While a regulatory body has an important statutory role to play, it’s my intention that our engagement with agencies is focused on support, guidance, and constructive feedback. During OVIC’s short three months, agencies are seeking our views on early drafts of new legislation regarding privacy impacts, and agencies are self-reporting suspected data breaches to the office to seek advice on how to respond.

OVIC welcomes the opportunity to work with Victorian agencies in a positive and collaborative manner and it has been great to see the agencies that we have worked with regard us as an enabler for their objectives, rather than as a regulator who wants to catch them out ‘doing something wrong’.

I also intend on working closely with other bodies who issue standards and guidelines — such as PROV and WOVG CISO. OVIC will be supporting an oversight approach which is consistent, predictable, and efficient and the more we can ensure our messages are aligned then the better this will be.

However, to work, this kind of regulatory approach does place some demands on you and your agencies about how you deal with us.

We will be as collaborative a regulator as your agency allows us to be. If you are open about your issues, we will work with you to help find a solution. If you are responsive to our needs we will make allowance for the challenges you may face from time to time.

However, if we encounter concealment, delaying tactics, and the use of technical arguments to defend the indefensible, I will use my statutory powers to call out these practices for what they are.

The approach we want to take is about collaboration and capability development. So it is up to your organisation which version of this regulator it will be working with. And if you are unsure how we may respond to how your organisation plans to deal with a certain issue – don’t send us a letter in a month’s time. Ring us up today and work it through with us.
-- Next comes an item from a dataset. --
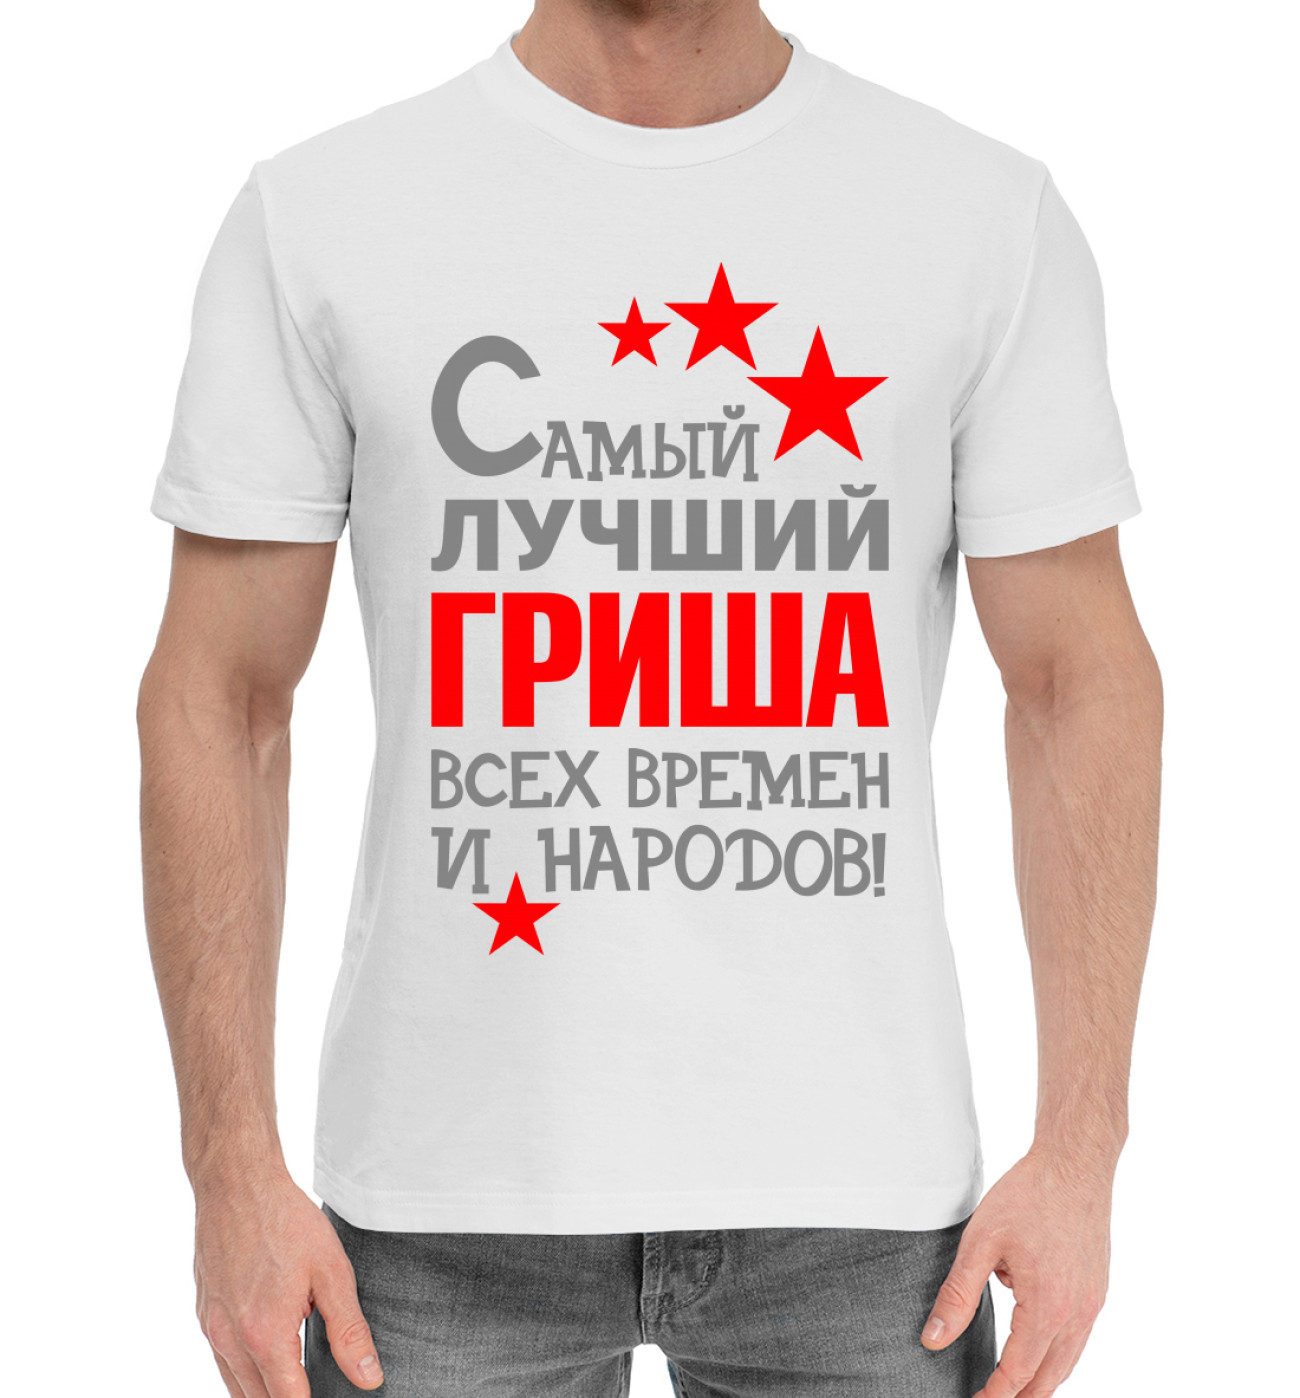 Мужская Хлопковая футболка Гриша, артикул: IMR-737490-hfu-2

So my clear message to you is that our doors are open to agencies so that we can support them as they go about their day to day business processes. OVIC has a lot to do, but I know that my colleagues and I are up for the challenge. We want to do our bit to shape the best possible future for FOI, privacy and data protection in Victoria.

I look forward to working with agencies to achieve the important legislative reform across the Victorian public sector that was envisaged at the inception of OVIC.